Some developed countries, such as Germany, Italy, Switzerland, Japan, and Korea, have significantly higher LCOE than their neighbors. One of the reasons is the high activity of PV prosumers in these regions. PV prosumers generate electricity at higher cost, but it is still cheaper than buying electricity from distribution companies. At the same time, PV prosumers hardly buy electricity during peak production, which increases demand for storage and finally storage costs of the system. For Korea and Japan, high cost is also driven by very high population density, which limits deployment of area intensive wind energy. Very high electricity demand and limited area result in an energy resource mix that leads to higher cost of electricity compared to areas with lower population density. These issues may be solved with additional, progressive regulations of the prosumers in the first case, and higher social acceptance of renewables, in particular wind energy, in the future. This will enable decreasing electricity cost in some regions.
Radical transition in evolutionary steps
The transition towards a 100% renewable electricity system will demand radical changes in system structure. Technology and generation mixes will change drastically, while a new storage sector will emerge. At first, wind energy and solar PV capacities grow at similar rates. In most energy-intensive regions wind generation is the cheapest source of electricity for the first 5-year steps of the transition, while expensive storage limits PV integration. The ongoing cost decline of PV systems and battery storage makes PV substantially more competitive than wind energy in many regions. Particularly in the Sun Belt, this leads to growth stagnation of wind capacities beyond 2030 and most new capacities installed are PV.
Biomass and biogas are very valuable resources for the system through the whole transition period; however, their impacts are rather small because of limited sustainable biomass resources and the rather high cost of solid biomass resources44,45. We assume these to be on the level of about 1900 TWh for biogas and 6400 TWh for solid biomass residues and wastes. During the first steps of transition, biomass and biogas are used for baseload electricity generation. Later, as the growing share of RE generation results in an increased need for system flexibility, biomass capacities start to play a regulatory role, and biogas is converted to biomethane and stored in gas storage. Finally, biomethane and solid biomass show their highest value as dispatchable renewable energy sources. In 2050 all biogas is used for electricity generation, while only one-third of available solid biomass is used globally, mostly in the regions with high seasonality of RE resources and electricity demand.

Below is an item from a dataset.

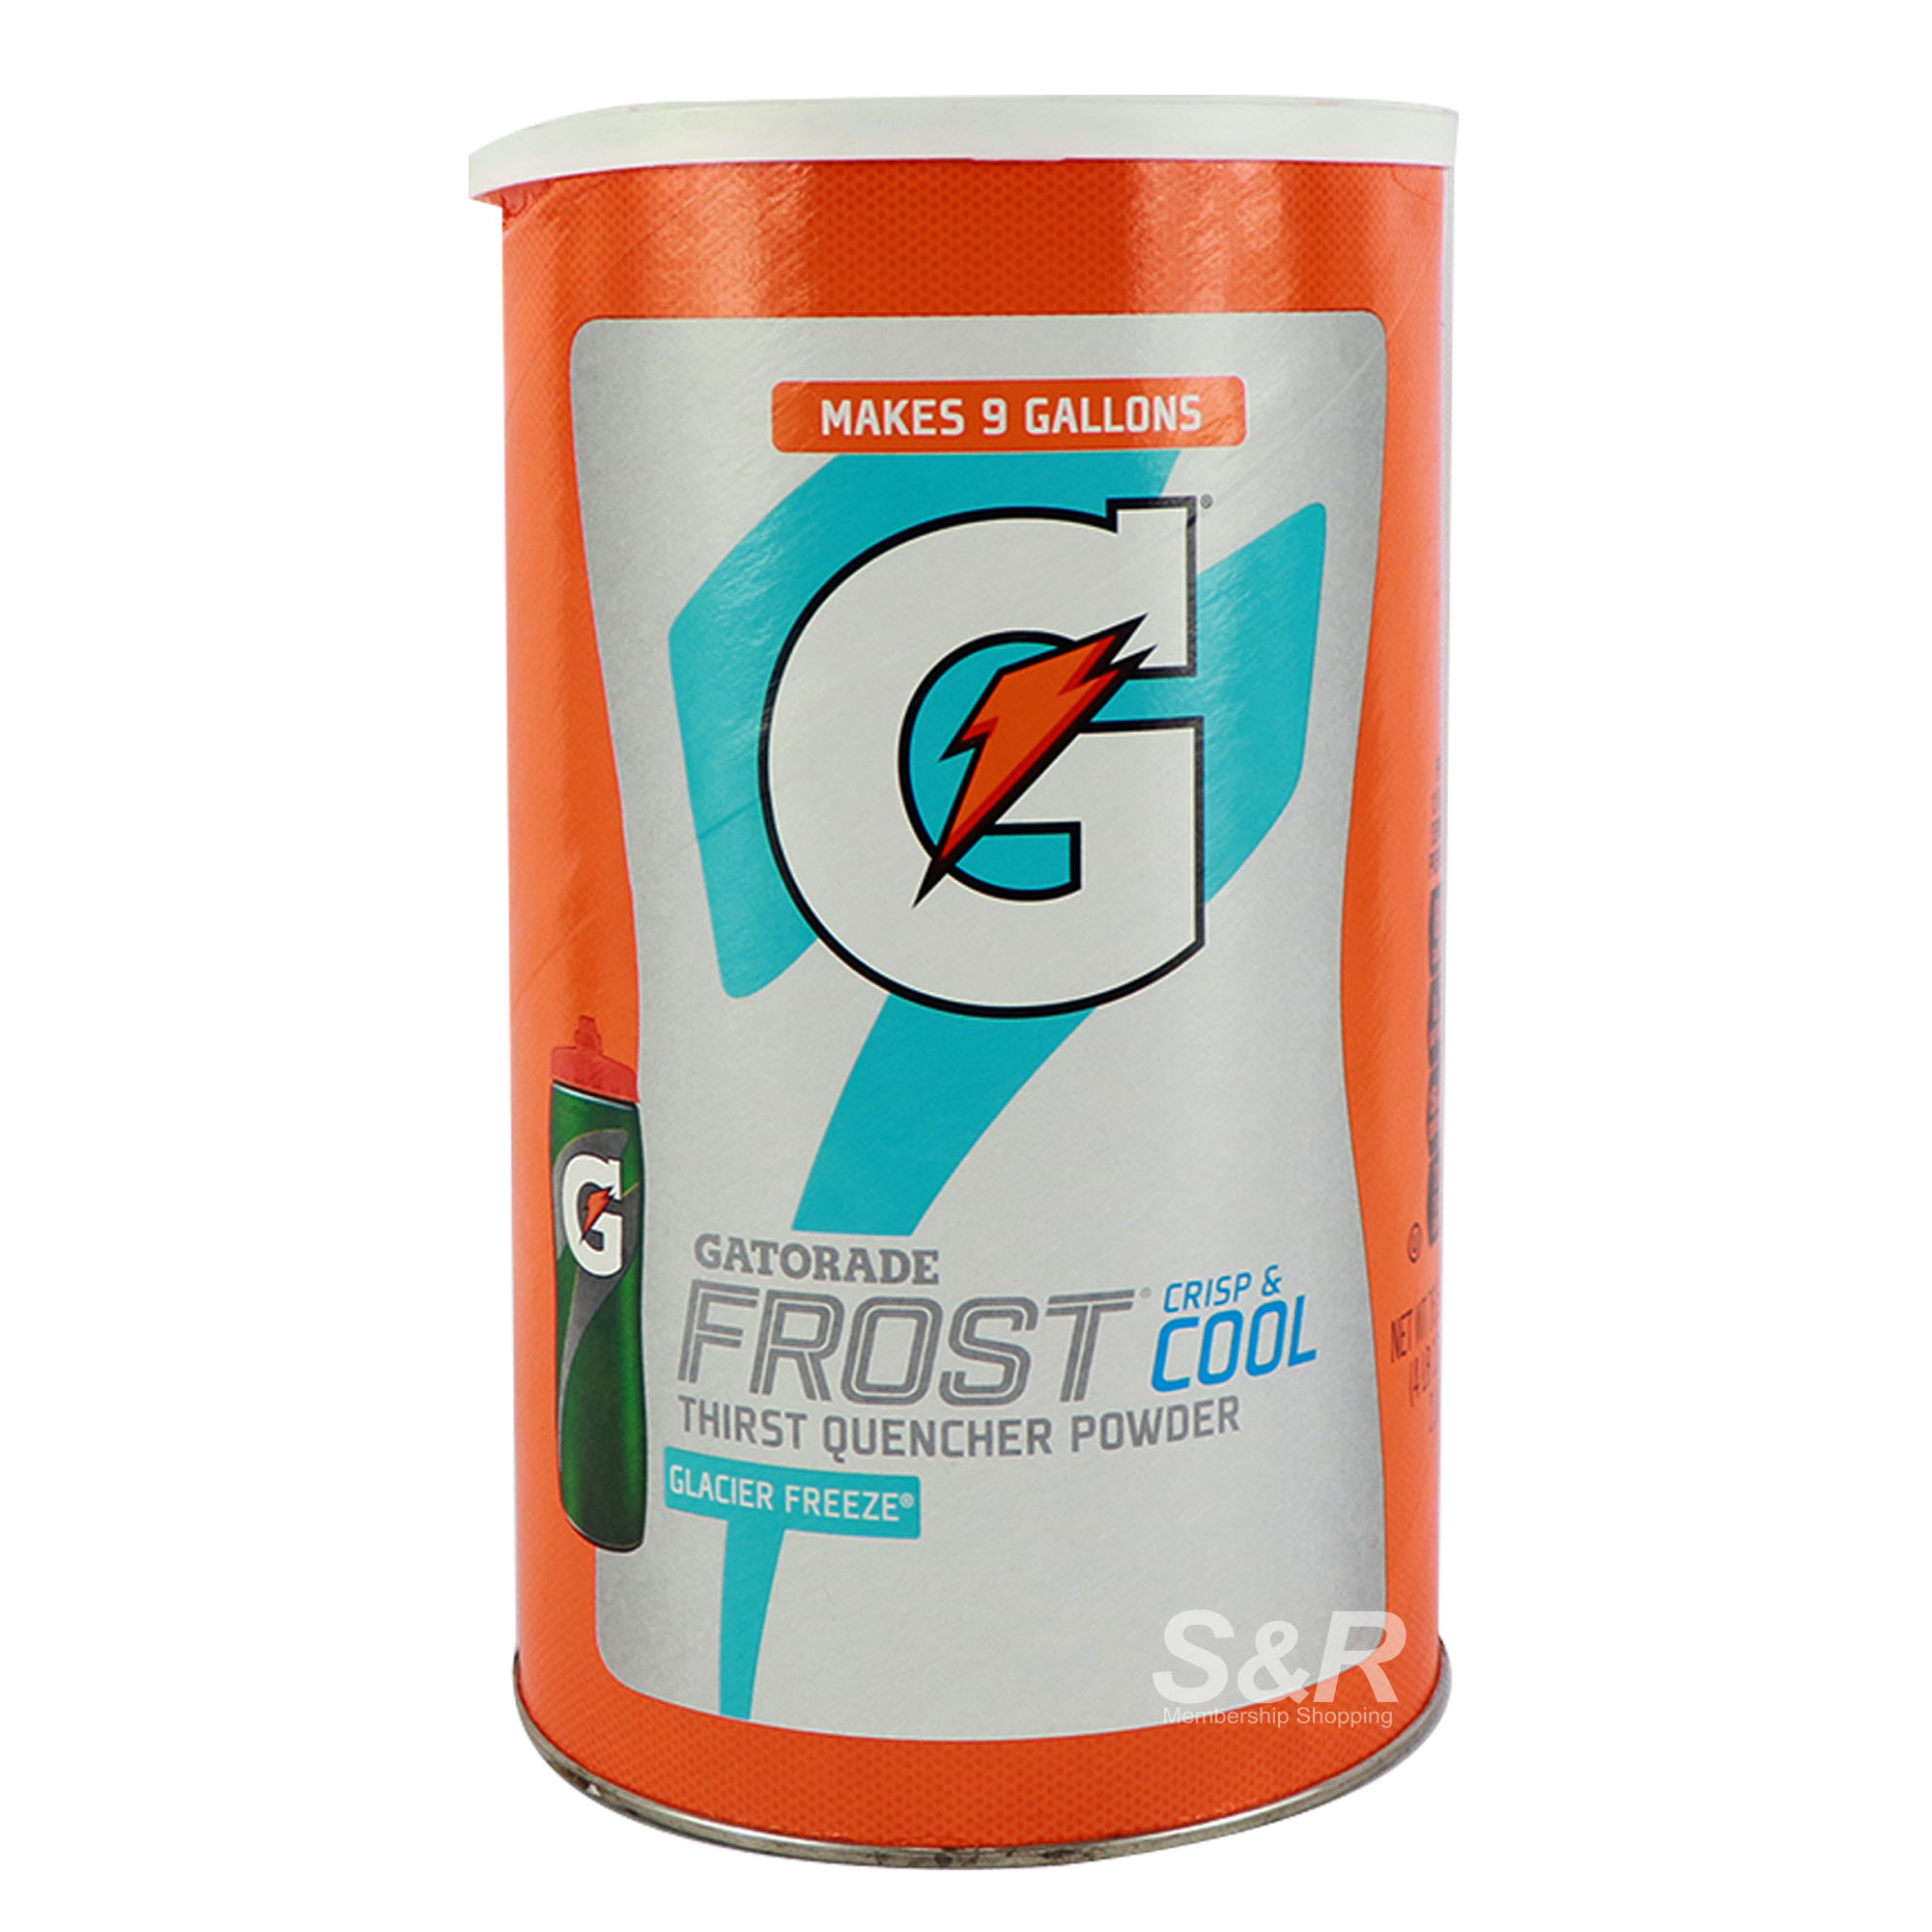 Gatorade Frost Cool Crisp & Cool Thirst Quencher Powder Glacier Freeze 2.16kg

Storage technologies emerge from very low levels to provide more than 15,000 TWh,el in 2050. Gas storage operates as seasonal storage and emerges quite early to store biomethane for gas turbines. At later transition stages SNG is also stored in the same storage due to the same chemical identity. Gas storage is highly important for countries with strong seasonal variations in generation and demand. For other countries, in particular in the Sun Belt, diurnal battery storage is far more important as it supports the PV-based system. Battery storage emerges around 2030, when the PV capacity share reaches 50%. Beyond 2030, battery capacity steadily grows with PV generation. Shares of batteries in the total power supply trough the transition are presented in Supplementary Fig. 4. The total electricity throughput of battery storage, however, is much higher than for gas storage, since batteries are operated daily, leading to around 300 full charge cycles per year, instead of less than two for gas storage due to seasonal discharge. The structure of the power capacities, generation, storage capacities and storage throughput for each 5-year step are presented in Fig. 3. Installed capacities and generation structure through the transition for the world and all major regions are presented in Supplementary Figs. 5–13 and numerically in Supplementary Tables 9–28.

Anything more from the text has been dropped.